Final count is a clean **12**, leaving 2 slots of headroom toward a future
always-on `save` surface rather than spending them on a redundant verb.
- **`graph` actions are flat peers, not nested.** `explore`'s `chain` /
`associations` / `bridges` sit alongside `predict` / `memory_graph` /
`composed_graph` actions in a single `action` enum matching the existing
`memory` / `codebase` flat-action convention and avoiding a translation layer.
### Invariants preserved (with the test that proves each)
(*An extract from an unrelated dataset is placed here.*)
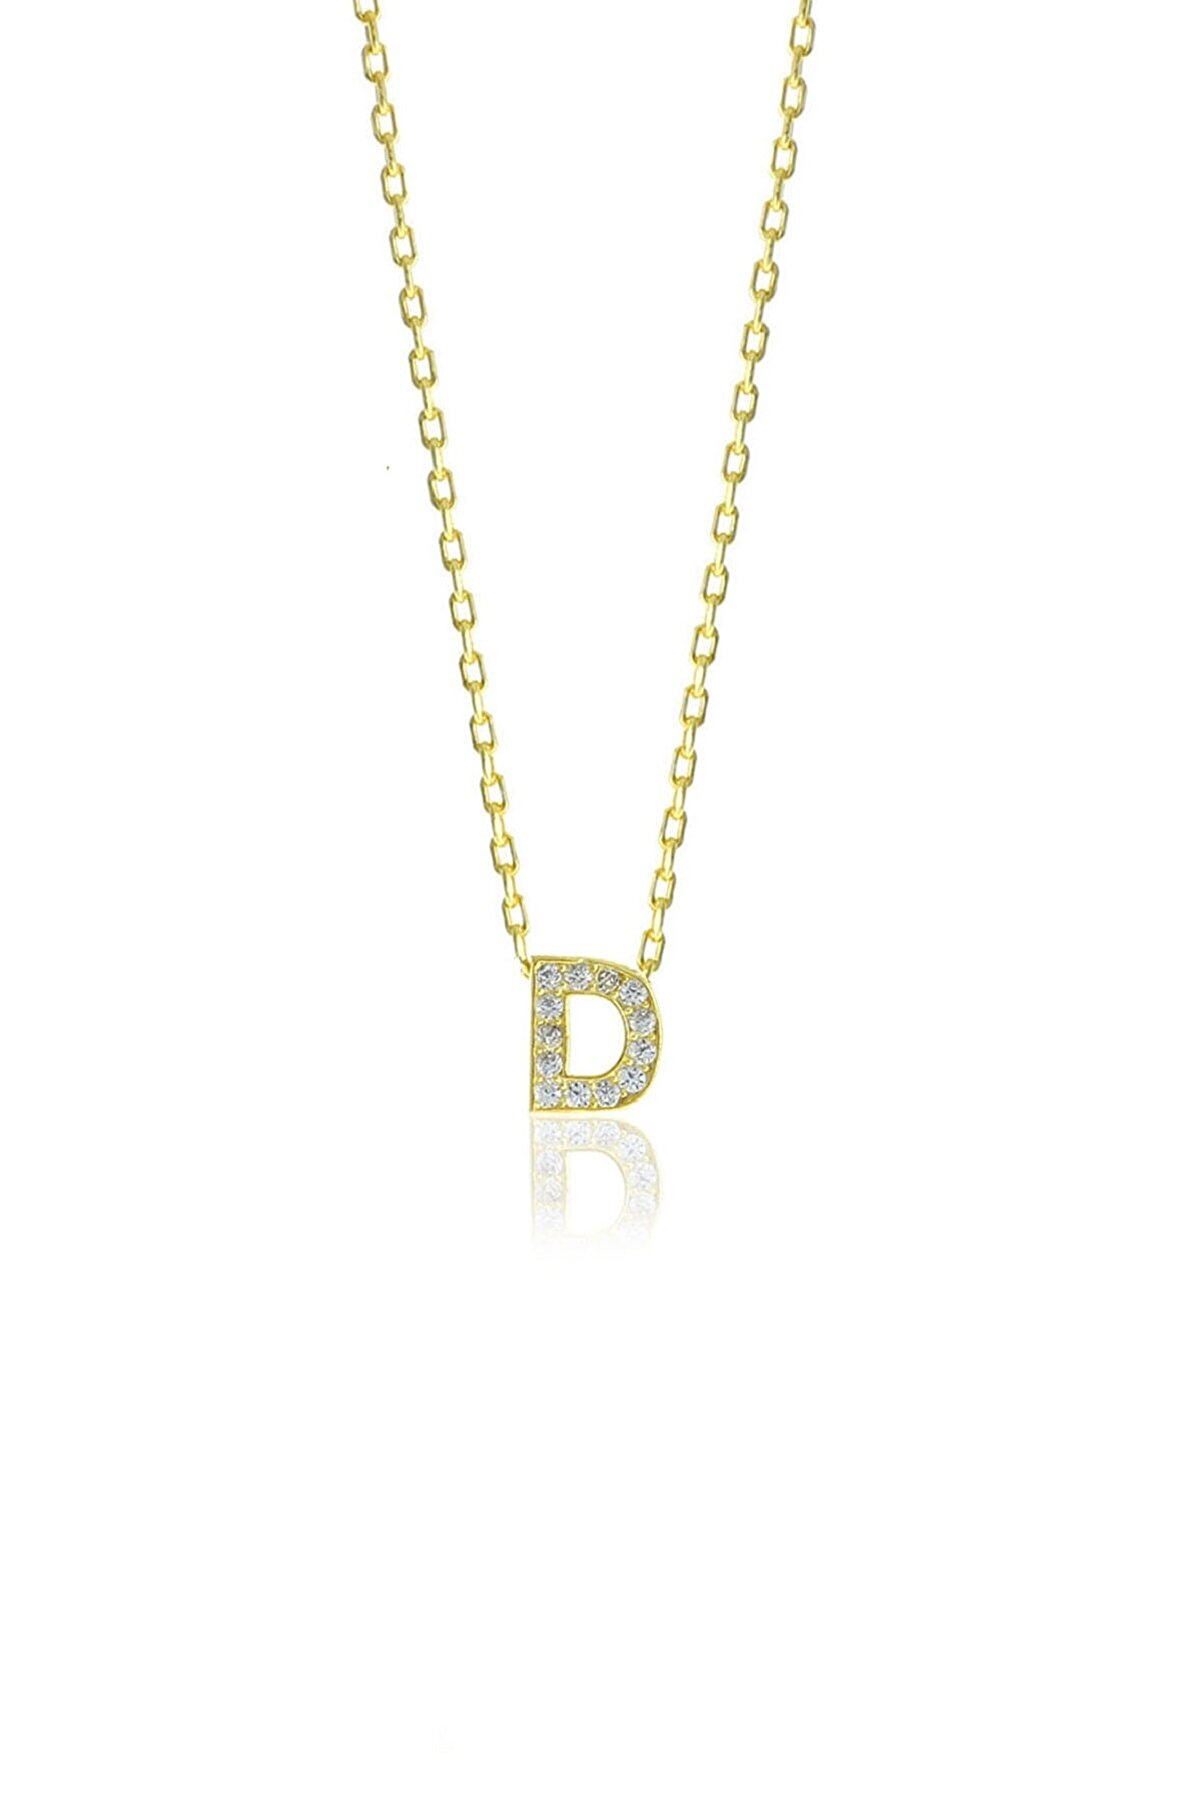 Söğütlü Silver Gümüş  Altın Yaldızlı Üç Boyutlu Minimal D Gümüş Harf Kolye

- **bitemporal-never-delete** (`dedup`): plan apply undo, confirm-gating, and
invalidation-not-deletion delegate to `merge::execute` verbatim.
- **`system_status` response shape** (`memory_status` view=`health`): byte-for-byte
`test_default_view_is_health`.
- **`gc` dry-run default** + **`restore` path-confinement** (`maintain`):
`test_maintain_actions_and_safety`.
- **`recall` lookup = search, no reasoning cost** (hot path):
`test_recall_lookup_matches_search_shape`.
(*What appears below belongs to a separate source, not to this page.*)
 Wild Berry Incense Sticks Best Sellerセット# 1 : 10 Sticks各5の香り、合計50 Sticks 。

- **Dashboard events** (consolidate/dream/importance_score Started + Completed,
SearchPerformed): preserved by re-emitting in the new dispatch arms and by
`emit_tool_event` normalizing the unified tool name to its effective sub-action.
### Result-size annotations (moved with their tools)
`memory_timeline` (200k) `memory_status`; `search` (300k) `recall`; new
`dedup` 150k and `graph` 250k. Kept in sync across the annotation loop, the
`expected_max_result_size` helper, and both annotation guard tests.
### Deprecation timeline
Aliases `warn!` in v2.2.x and are hard-removed in **v2.3.0**. Full alias list (31
names) lives in the dispatch redirects in `crates/vestige-mcp/src/server.rs`.
## Layer 2 — Default-surface + hooks (FOLLOW-UP, NOT in v2.2.0)
Count reduction is necessary but not sufficient: what matters most is how few
tools are visible *at the start of a turn*, plus making the memory loop fire
deterministically instead of hoping the model remembers.
- **Tiny always-on surface (~3)**: `recall` @ session start, `save` (=`smart_ingest`)
@ session end, `recall` on-demand for facts. Everything else (`dedup`, `graph`,
`maintain`, `memory_status`, …) deferred off the default surface, loaded on
demand.
- **Deterministic hooks**: a `SessionStart` hook fires `recall`; a `Stop` hook
fires `save` (async, fire-and-forget synchronous heavy work in `Stop` causes
loops + per-turn lag). "If the model fails to save, it's gone" move save out
of the model hot loop.
- This is what turns 12-advertised into ~3-default. Status: **design guidance
only; no code in v2.2.0.**
## Verification
Per-commit gates (all green for every commit):
```sh
cargo test --workspace --no-fail-fast
cargo clippy --workspace -- -D warnings
```
Release gates before tagging v2.2.0:
```sh
pnpm --filter @vestige/dashboard check
pnpm --filter @vestige/dashboard build
```
Plus a `tools/list` smoke check asserting exactly **12** advertised names
(`test_tools_list_returns_all_tools`).